Feature selection techniques are applied to the UCM dataset and compared with the OG-WOA technique, as in Table 3 and Fig. 10. The PSO, FOA, and GWO have limitations of local optima trap and lower convergence in the feature selection. The WOA model has a limitation of lower exploitation and tends to lose potential solutions in the classification. The Optimal Guiding technique increases the exploitation by changing the position of the search agent based on a higher fitness value. The OG-WOA technique has 99.34% accuracy, 99.44% sensitivity, and 99.31% specificity, GWO method has 93.22% accuracy, 93.8% sensitivity, and 91.7% specificity.

Fig. 10
figure 10

Comparison of feature selection methods on UCM dataset

The deep learning techniques of CNN, GAN, RNN and LSTM models are compared with the OG-WOA technique on the UCM dataset, as shown in Table 4 and Fig. 11. The CNN model has overfitting problem due to the generation of features in the models. The LSTM model stores the relevant features in long term and has a limitation of vanishing gradient problem. The OG-WOA technique has the advantage of increasing the exploitation process and selecting relevant features for classification.

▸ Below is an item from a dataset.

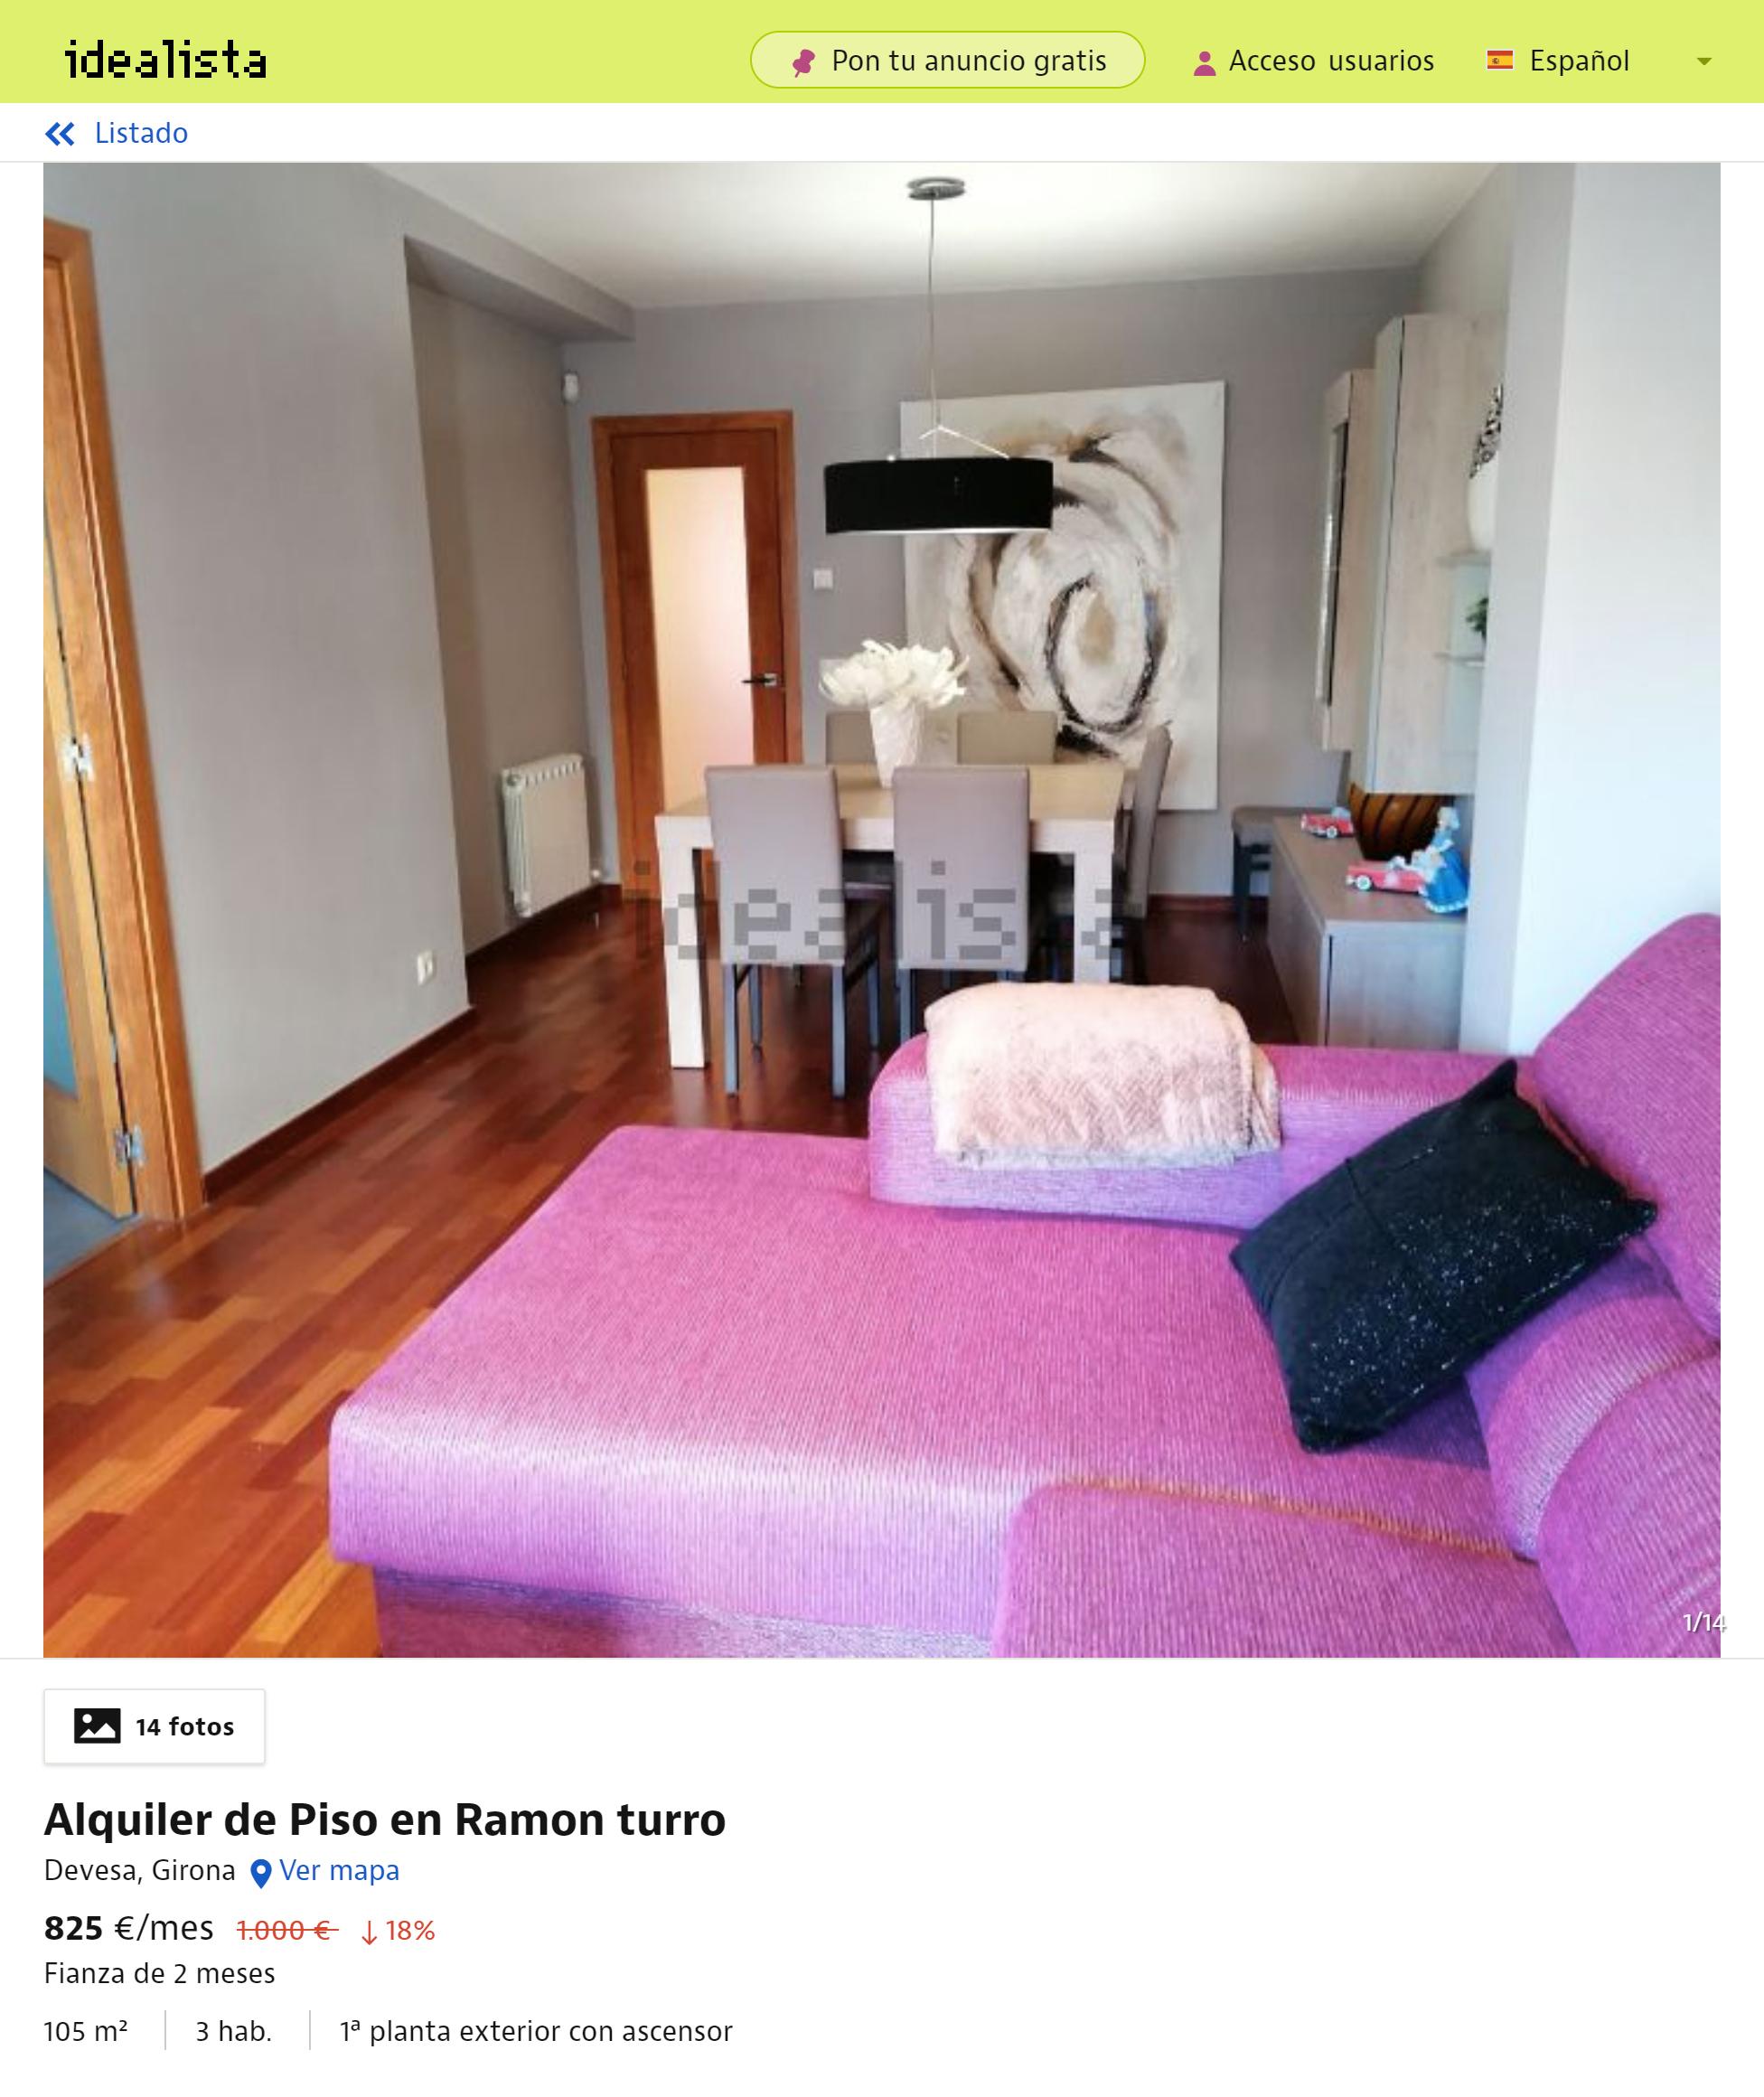 Квартира с тремя спальнями, обставленная дизайнерской мебелью, площадью 84м², с просторным патио в районе парка «Девеса» — 1000€ в месяц

From the results, Bi-LSTM technique has 99.34% accuracy, 99.44% sensitivity, and 99.31% specificity, AlexNet model has 95.89% accuracy, 95.69% sensitivity, and 94.37% specificity on the UCM dataset.

Table 4 Performance analysis of different deep learning methods for classification on UCM dataset
Fig. 11
figure 11

Comparison of deep learning methods on UCM dataset

5.3 NWPU dataset

Deep learning techniques and feature selection techniques were applied to the NWPU dataset and compared with the OG-WOA model. Table 5 represents the different Optimization Algorithm used for Feature selection to analyze accuracy, sensitivity and specificity in Bi-LSTM on NWPU dataset.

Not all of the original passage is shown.